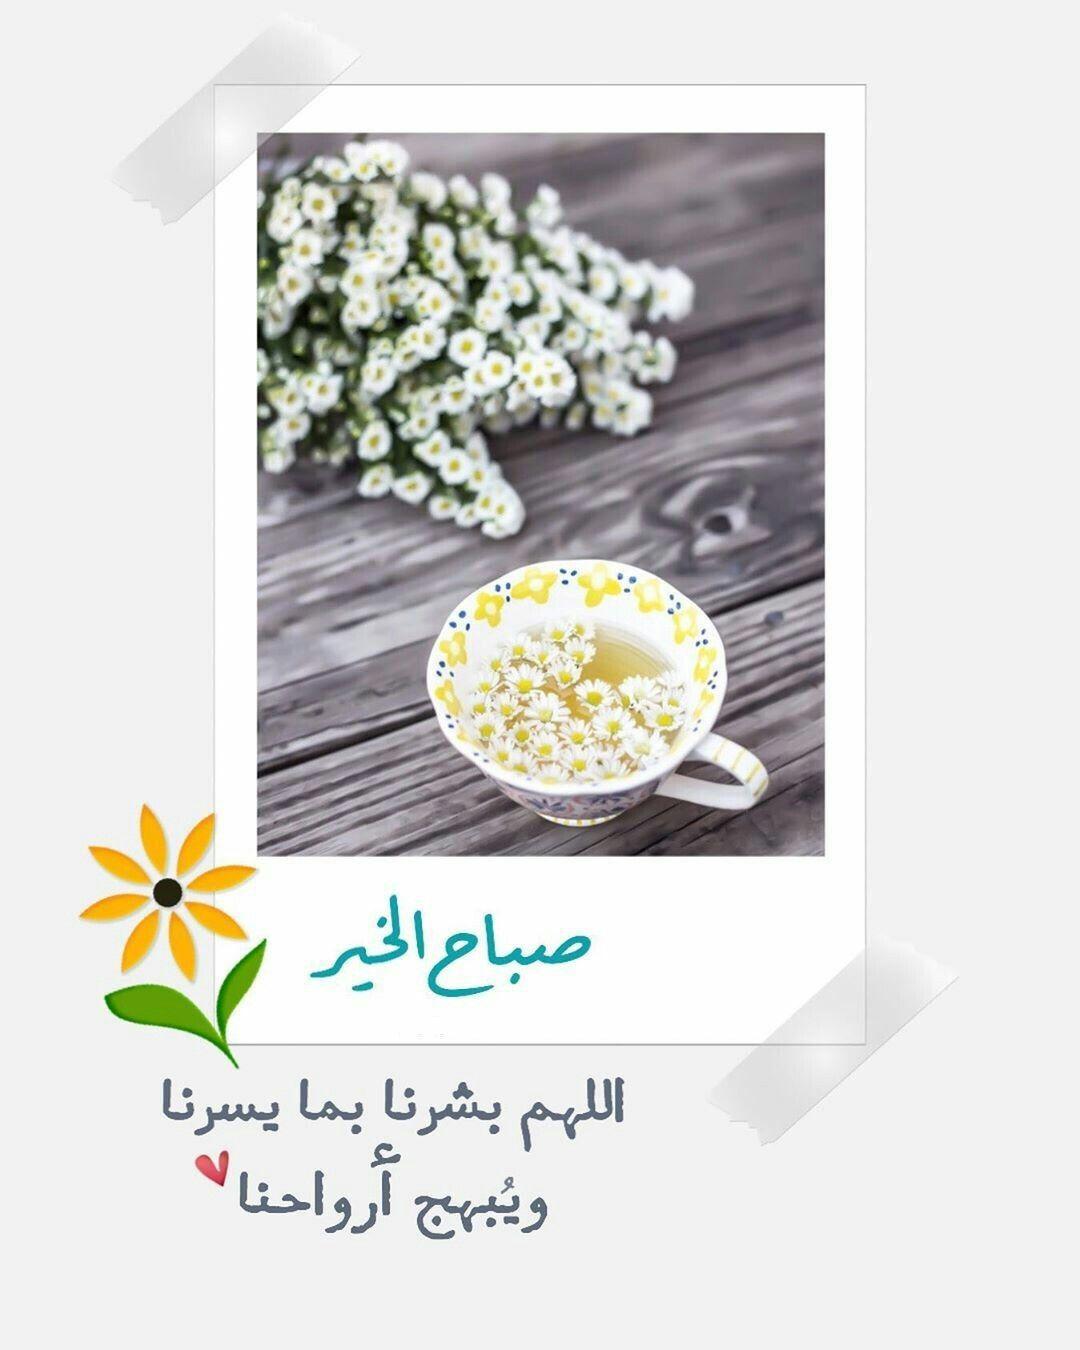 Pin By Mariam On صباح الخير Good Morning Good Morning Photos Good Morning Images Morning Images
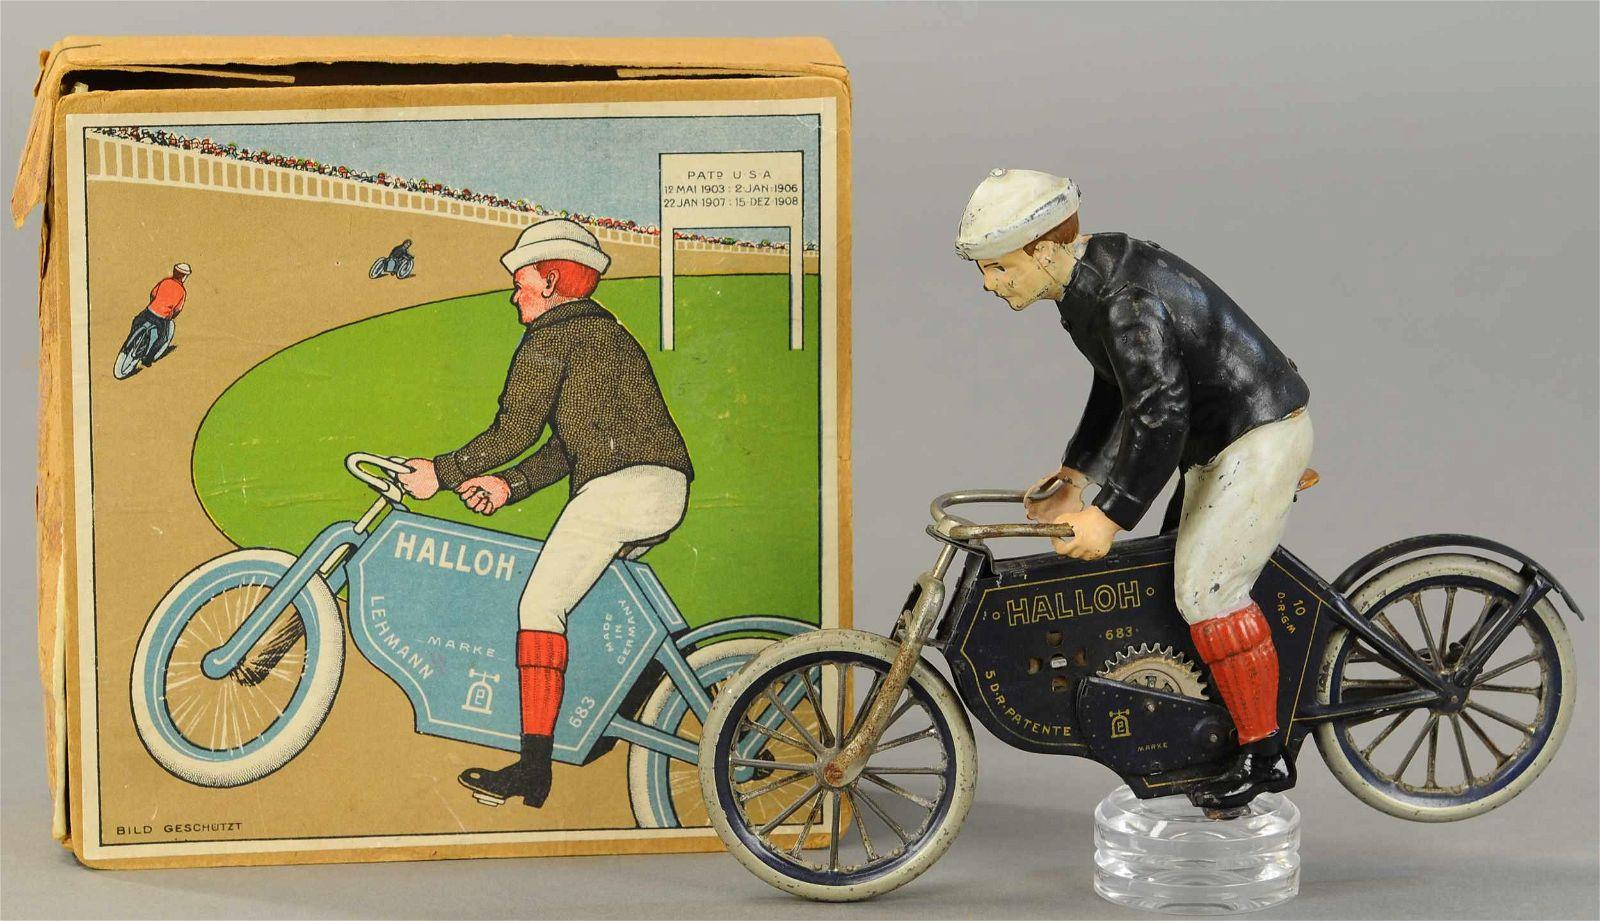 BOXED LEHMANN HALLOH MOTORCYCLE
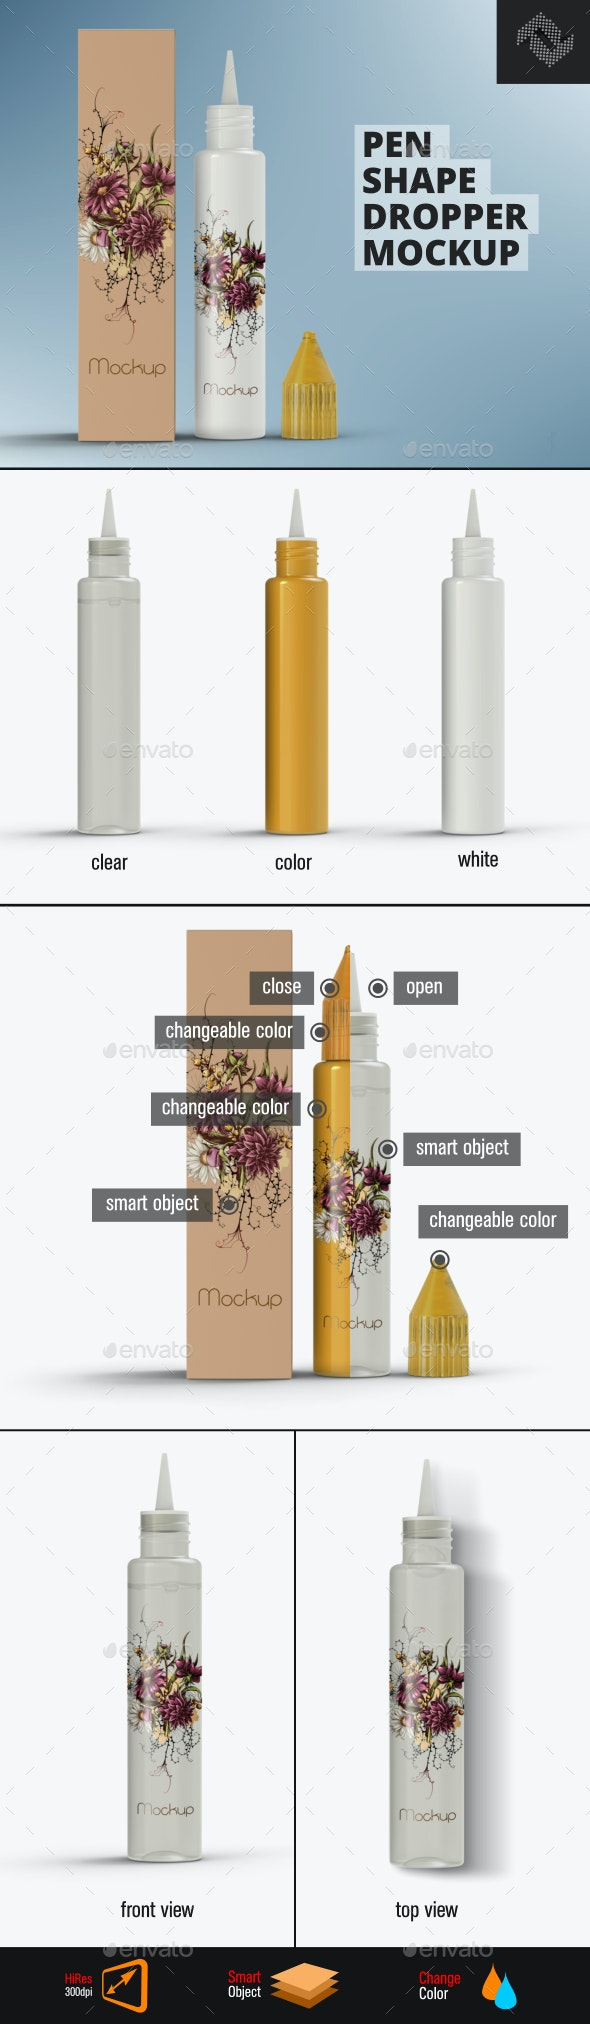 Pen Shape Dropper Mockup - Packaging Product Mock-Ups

##########

◆ **EXERCISE GOAL**
Retype all of the listing above exactly, but keep its pictures out.

◆ **EXERCISE ANSWER**
 Pin By Mariam On صباح الخير Good Morning Good Morning Photos Good Morning Images Morning Images
 BOXED LEHMANN HALLOH MOTORCYCLE
 Pen Shape Dropper Mockup - Packaging Product Mock-Ups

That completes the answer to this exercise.